City harus bermain dengan 10 pemain sejak Phil Foden mendapat kartu merah pada menit ke-23. Namun, Manchester United gagal memanfaatkan keuntungan tersebut. Ironisnya, gol kemenangan justru lahir dari City melalui Erling Haaland pada babak kedua.
Gol itu juga memicu kontroversi karena Enzo Fernandez dinilai berada dalam posisi offside dan dianggap mengganggu jalannya permainan. VAR kemudian mengakui adanya kesalahan penilaian. Tetapi kontroversi tersebut tidak boleh menutupi masalah utama United.
Mereka memiliki waktu lebih dari satu jam menghadapi 10 pemain, tetapi hanya mampu memaksa Gianluigi Donnarumma melakukan satu penyelamatan berarti, itu pun pada masa tambahan waktu. Ini alarm yang lebih keras daripada sekadar keputusan VAR.
Manchester United kehilangan ketajaman
Awal musim United juga jauh dari harapan. Dari empat pertandingan Premier League, mereka baru mengumpulkan satu kemenangan, satu hasil imbang, dan dua kekalahan. Tujuh gol sudah bersarang di gawang mereka dan belum sekali pun mencatatkan clean sheet.
Jarak dengan Arsenal dan Manchester City di puncak klasemen bahkan sudah delapan poin. Karena itu, EFL Cup menjadi kesempatan untuk mengembalikan momentum.
Manchester United punya sejarah kuat di kompetisi ini. Mereka telah enam kali menjadi juara dan terakhir mengangkat trofi tersebut pada musim 2022-2023. Namun, perjalanan terakhir mereka di EFL Cup justru berakhir memalukan.
Musim lalu, United tersingkir pada babak kedua setelah kalah dari Grimsby Town, klub kasta keempat, di bawah kepemimpinan Ruben Amorim. Kini Brighton datang sebagai lawan yang secara statistik jauh lebih berbahaya.

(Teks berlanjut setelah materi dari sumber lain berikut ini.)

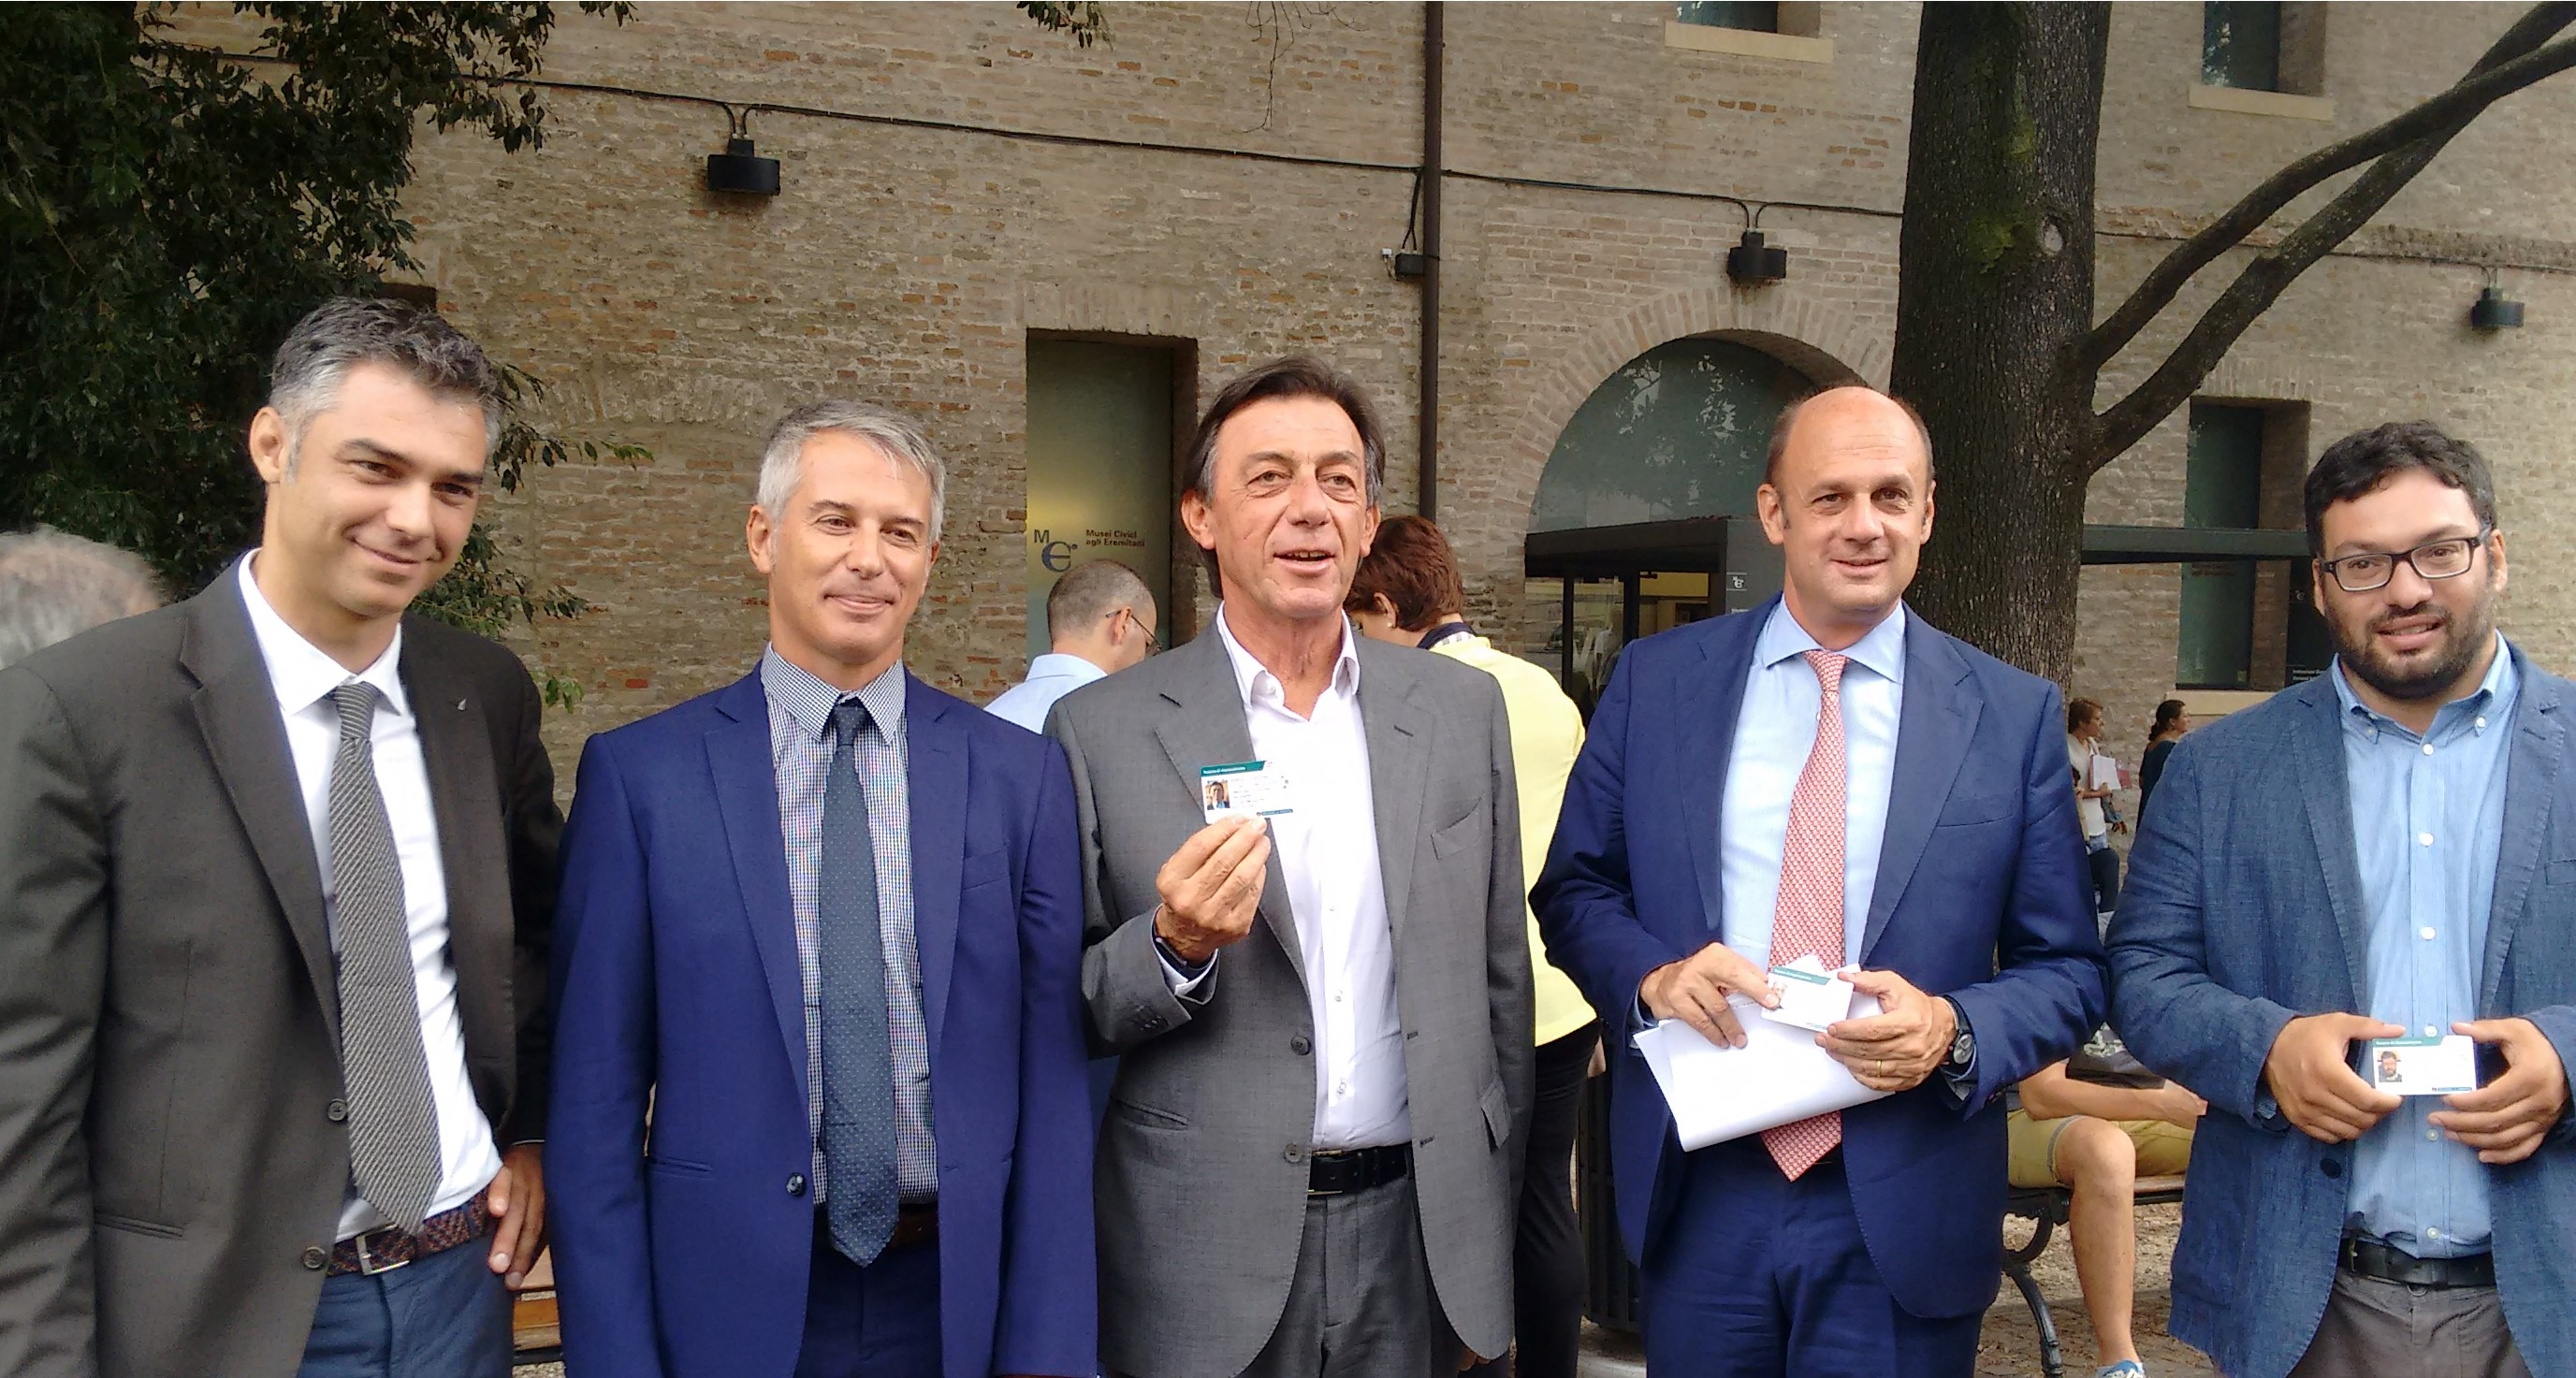 Alì e Bus Italia in partnership, i clienti potranno convertire i punti in viaggi

Brighton sedang menikmati fase berbeda
Jika Manchester United datang dengan keraguan, Brighton justru sedang menikmati salah satu awal musim terbaik dalam sejarah mereka di kasta tertinggi. Empat pertandingan menghasilkan tujuh poin. Lebih menarik lagi, Brighton telah mencetak 13 gol, jumlah terbanyak di Premier League hingga fase tersebut.
Kemenangan 5-0 atas Coventry menjadi gambaran paling jelas. Lima pemain berbeda mencetak gol. Artinya, Brighton tidak bergantung pada satu sumber serangan saja.
Fabian Hurzeler bahkan mendapat kontribusi besar dari kiper Bart Verbruggen. Penjaga gawang tersebut membuat enam penyelamatan dan mencatat clean sheet keempatnya dalam enam pertandingan di semua kompetisi.
Brighton belum sepenuhnya sempurna. Namun, mereka sedang bermain dengan keberanian. Dan keberanian seperti itulah yang bisa menjadi masalah bagi United.
Lima duel taktik yang bisa menentukan pertandingan
1. Benjamin Sesko vs bek tengah Brighton
Carrick diperkirakan memberi kesempatan kepada Benjamin Sesko untuk memimpin lini depan. Pemain Slovenia itu diharapkan memberi sesuatu yang belum terlihat jelas dari Matheus Cunha sebagai false nine. Sesko memiliki profil penyerang yang lebih langsung. Ia bisa menyerang ruang di belakang garis pertahanan sekaligus menjadi sasaran umpan silang.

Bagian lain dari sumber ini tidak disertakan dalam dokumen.